Рубедо (СИ) - Ершова Елена. Страница 45
«В субботу будет открытие нового госпиталя на Райнергассе, я буду там. Приходите…»
Госпиталь? Не тот ли, куда инспектор Вебер обещал перевести Родиона? Он ведь тоже хотел что-то сказать тогда, на Петерсплатце…
Марго неуютно поежилась: букет, полученный от инспектора, так и остался вянуть в гостиной, не то, чтобы она намеренно игнорировала знаки внимания, но за всеми последними событиями — болезнью, встречей с епископом, бумагами покойного мужа, ответным письмом Спасителю, наконец! — она совершенно забыла о Вебере.

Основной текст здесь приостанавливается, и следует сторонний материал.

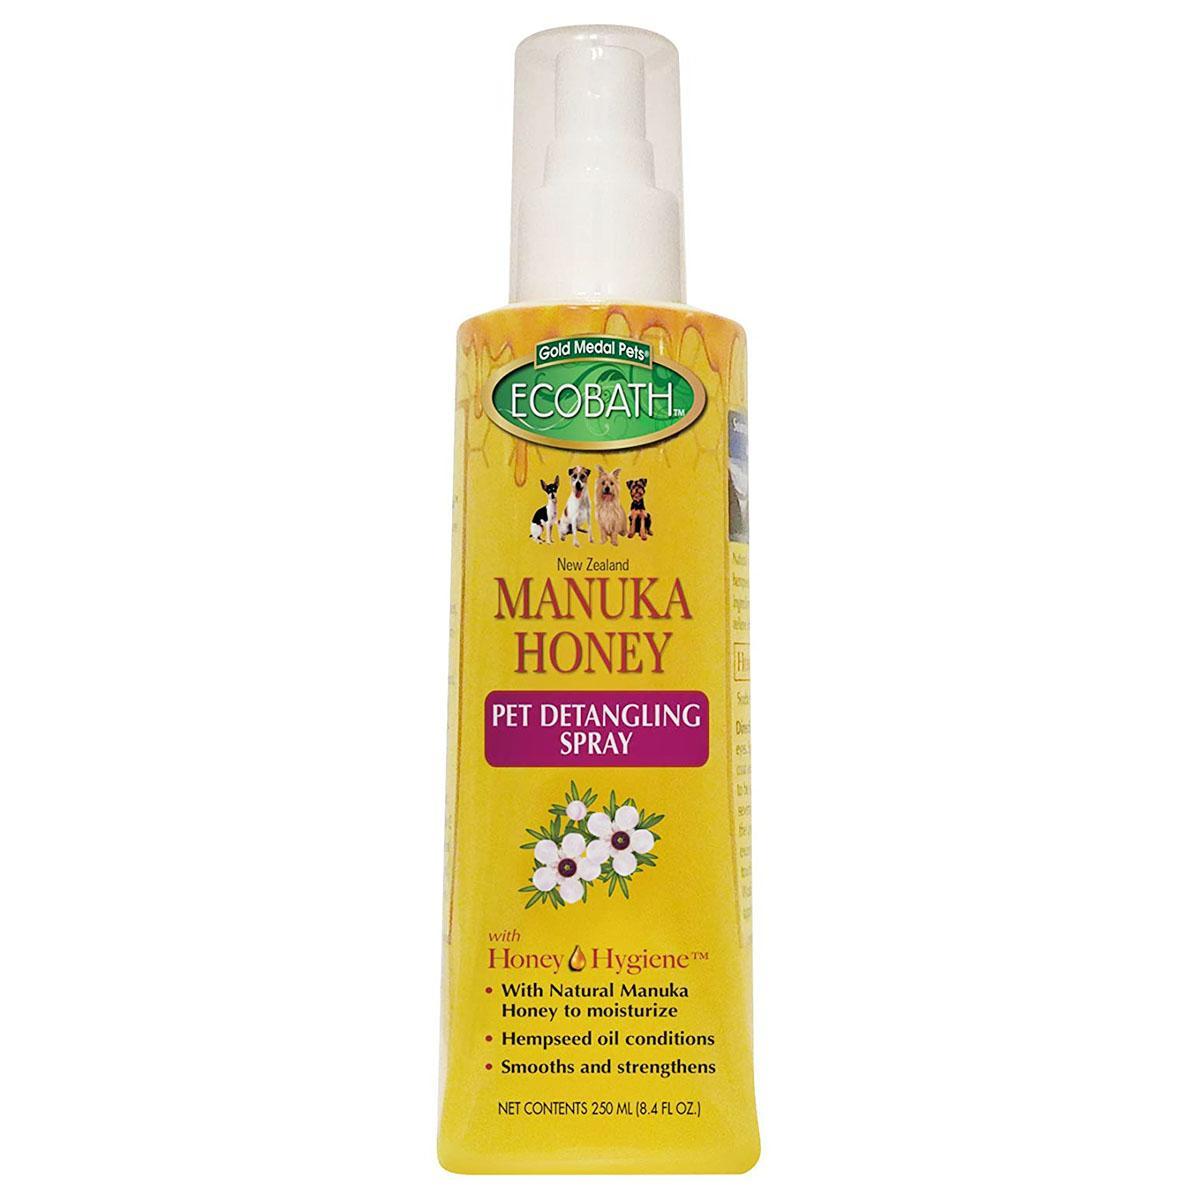 EcoBath Manuka Honey Pet Detangling Spray by Cardinal Pet Care

И теперь хризантемы, пожухлые и скучные, торчали в углу гостиной, а у Марго — из чувства вины или растерянности, — не хватало духа убрать их.
Она опустила все еще пылающее лицо и, боясь встретиться с ядовитым взглядом фон Штейгера, прочла до конца:
«Постскриптум. Ни один аристократический род империи не изобразит на фамильном гербе бражника Acherontia Atropos. Ни один — кроме вашего, Маргарита. Вы хотели бы узнать, почему?».
И еще ниже:
«Ответные письма прошу передавать следующим образом: с шести до семи утра у зимнего манежа будет ожидать мой кучер Кристоф, с семи до восьми вечера у восточных ворот — камердинер Томаш Каспар.
Всегда Вам преданный Г.»
Дойдя до последней буквы, Марго снова скользнула глазами вверх, к началу письма, и прочла его бегло, целиком, глотая слова, как микстуру. А потом еще раз. И еще. Пока не ощутила в желудке сытое тепло и не откинулась на спинку кресла, в радостном волнении разглядывая портрет.
Первый и единственный портрет, который когда-либо был у Марго.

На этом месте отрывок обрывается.